Publié le 21/09/2012 Partager sur Twitter Partager sur Facebook Imprimer l'article Envoyer à un confrère Réagir à l'article Enregistrer dans ma bibliothèque Reduire Agrandir

L’équipe infirmière en unité de soins intensifs (USI) est amenée à jouer un rôle complexe en matière de don d’organes, qu’il s’agisse de l’identification des donneurs potentiels et des soins spécifiques à leur prodiguer mais aussi des relations avec l’entourage. Il a été montré que le niveau de connaissance, l’attitude et l’expérience des infirmiers pouvaient influencer la décision des proches. Mais, indépendamment de la qualité des équipes infirmières, toutes ne sont pas impliquées de la même façon dans le don d’organe et toutes n’ont pas les mêmes compétences dans ce domaine particulier en fonction du type d’USI. 

Une étude norvégienne a examiné les types de formation à proposer aux infirmiers en USI dans le but d’optimiser le don d’organes.
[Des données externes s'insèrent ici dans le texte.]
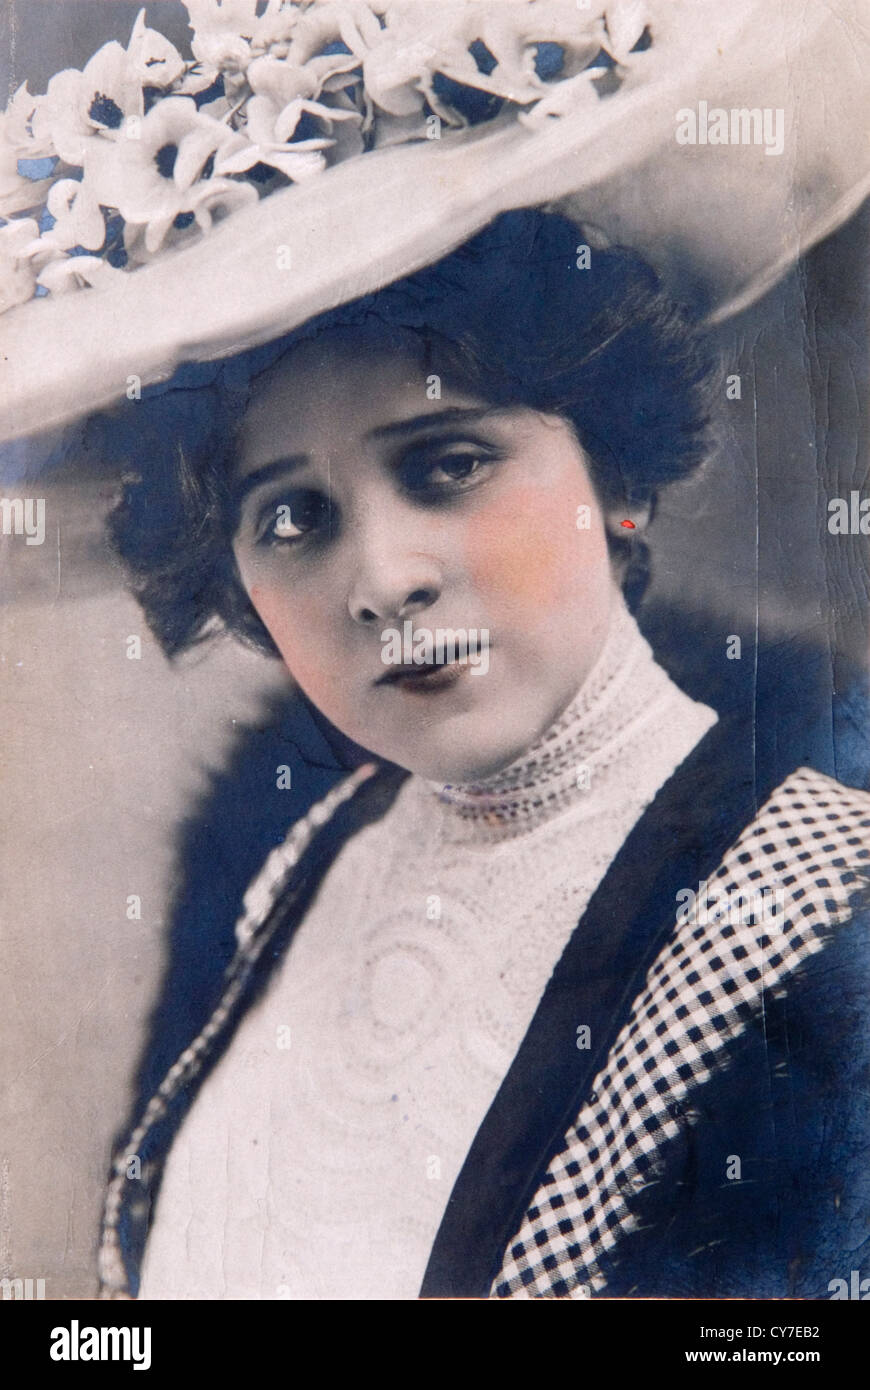 Pettie Edna May (2 septembre 1878 - 1 janvier 1948), connu sur scène comme Edna May, était une actrice et chanteuse américaine. Banque D'Images

Elle identifie des besoins en connaissances théoriques plus poussées sur les aspects relatifs au don d’organes (législation, diagnostic de mort cérébrale, procédures du don d’organes) qui permettraient à l’infirmier de mieux répondre aux interrogations de la famille pendant « la phase de décision ». Mais l’infirmier doit également avoir des connaissances approfondies sur les conséquences de la mort cérébrale et sur les techniques de préservation des organes pour optimiser les résultats des transplantations. Le soutien à la famille, confrontée au difficile concept de mort cérébrale, doit cependant rester prioritaire : empathie, prise en charge respectueuse du donneur, explications compréhensibles.

La mise en place d’un tutorat par des collègues plus expérimentés favorise le partage de l’expérience et des connaissances, contribuant au développement des compétences professionnelles. De même, encourager la discussion au sein des équipes infirmières permet de développer une pratique professionnelle commune. Des groupes de réflexion peuvent faciliter la compréhension des questions éthiques et philosophiques soulevées par le don d’organes. L’infirmier de soins intensifs doit donc recevoir une formation solide, initiale mais surtout continue, sur le don d’organes.



Dr. Estelle Deniaud Boüet


Meyer K et coll. : Intensive care nurses’ perceptions of their professional competence in the organ donor process : a national survey. J Advanced Nurs., 2011 ; 68 : 104-115.